There were no resolved issues in this release.

23.3.0

New in this Release

There were no new features in this release.

Resolved Issues

  • When using QMS through IDOL Admin, the ExpandNames parameter did not work, because the responseformat=json parameter was incorrectly passed from IDOL Admin through to the name variant library.

  • When IntentRankedQuery was activated, if Content did not return any results, QMS incorrectly returned a BADPARAMETER error.

23.2.0

New in this Release

  • QMS can now expand names in query text to include other variants of the same name, such as variants that use initials or titles, nicknames, phonetically similar names, and translations.

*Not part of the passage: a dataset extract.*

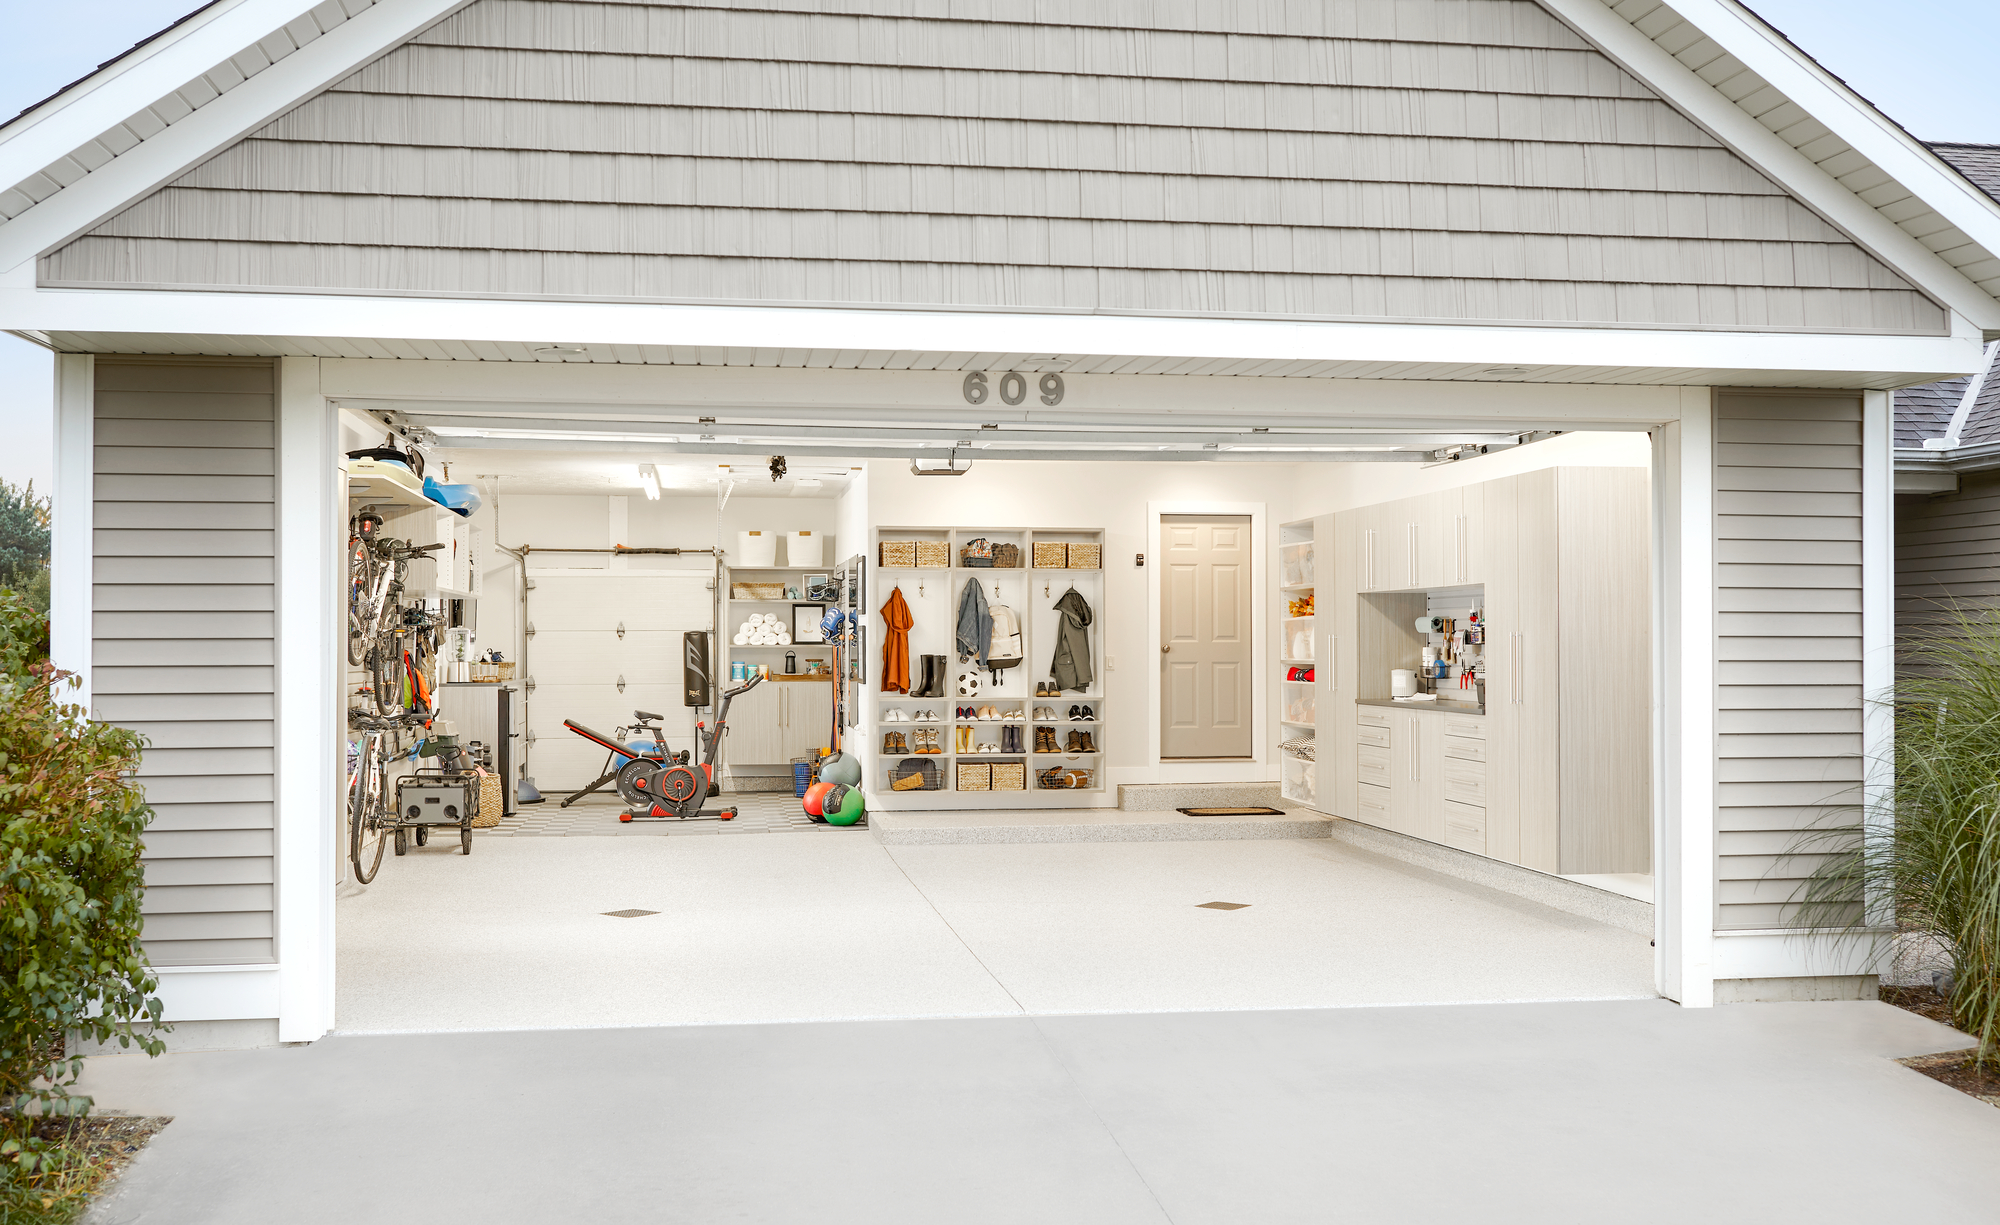 Garage Solutions Minneapolis

    NOTE: This feature requires the IDOL Eduction combined_names.ecr grammar and pii_postprocessing.lua script, which you must obtain from the IDOL Eduction Grammars package.

    To use the new expansions, you must configure the locations of the required Eduction grammar, and some data files that are included in your QMS package.

    [NameVariants]
    GrammarDirectory=grammars/pii
    DataDirectory=staticdata

    You can then send a query with the new ExpandNames parameter to expand any names in the original query with the matching variants. For example:

    action=Query&Text=John Smith&ExpandNames=True

    For more information, refer to the Query Manipulation Server Help.

Resolved Issues

  • When queries were sent through QMS, the <autn:predicted> tag (indicating whether the reported totalresults value was estimated or exact) always returned with value false (regardless of whether prediction was used or not).